CT Image Acquisition and Radiologic Evaluation
Procedures for CT image acquisition are described in detail in Supplementary material. Two radiologists with 5 (Radiologist A) and 10 years (Radiologist B) of experience in abdominal CT imaging respectively independently reviewed all images, blinded to clinical and follow-up information. They evaluated maximum tumor diameter, number of lesions, presence of tumor capsule, portal vein invasion, and arteriovenous fistula. Quantitative measurements were averaged between the two radiologists. In cases of qualitative discrepancies, a third senior radiologist with over 20 years of experience was consulted for consensus.
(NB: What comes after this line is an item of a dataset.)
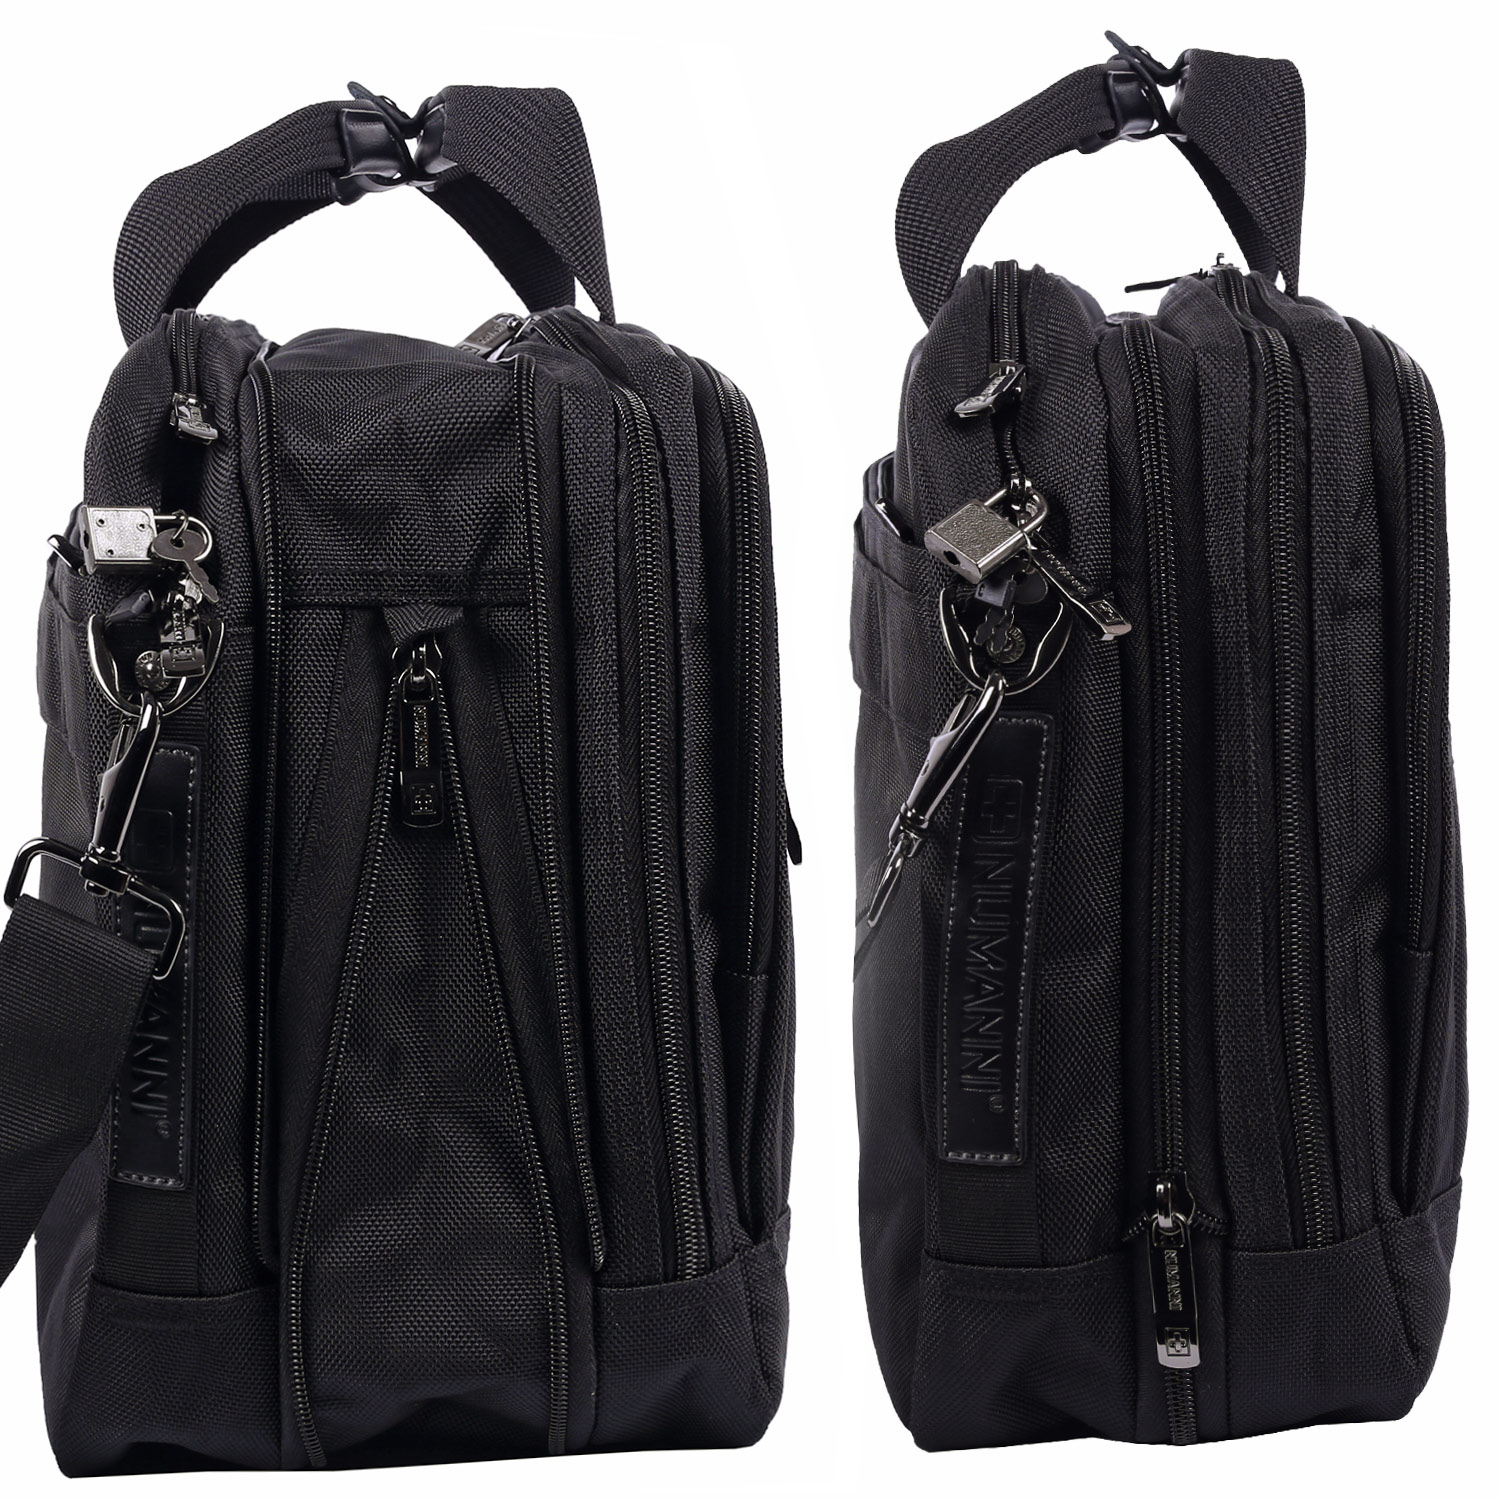 -портфель с отделением для ноутбука Numanni PW883, цвет: черный .

Image Segmentation and Feature Extraction
Image segmentation was performed on arterial phase CT images, which were selected for their superior contrast between hypervascular tumors and the liver parenchyma, ensuring greater robustness for segmentation. Using the open-source 3D Slicer software (version 5.2.1; https://www.slicer.org/), the volume of interest (VOI) for each patient was delineated via semi-automatic segmentation. This process, guided by mRECIST criteria, ensured the VOI collectively encompassed the entire tumor burden scheduled for TACE, including all lesions in cases of multifocal disease.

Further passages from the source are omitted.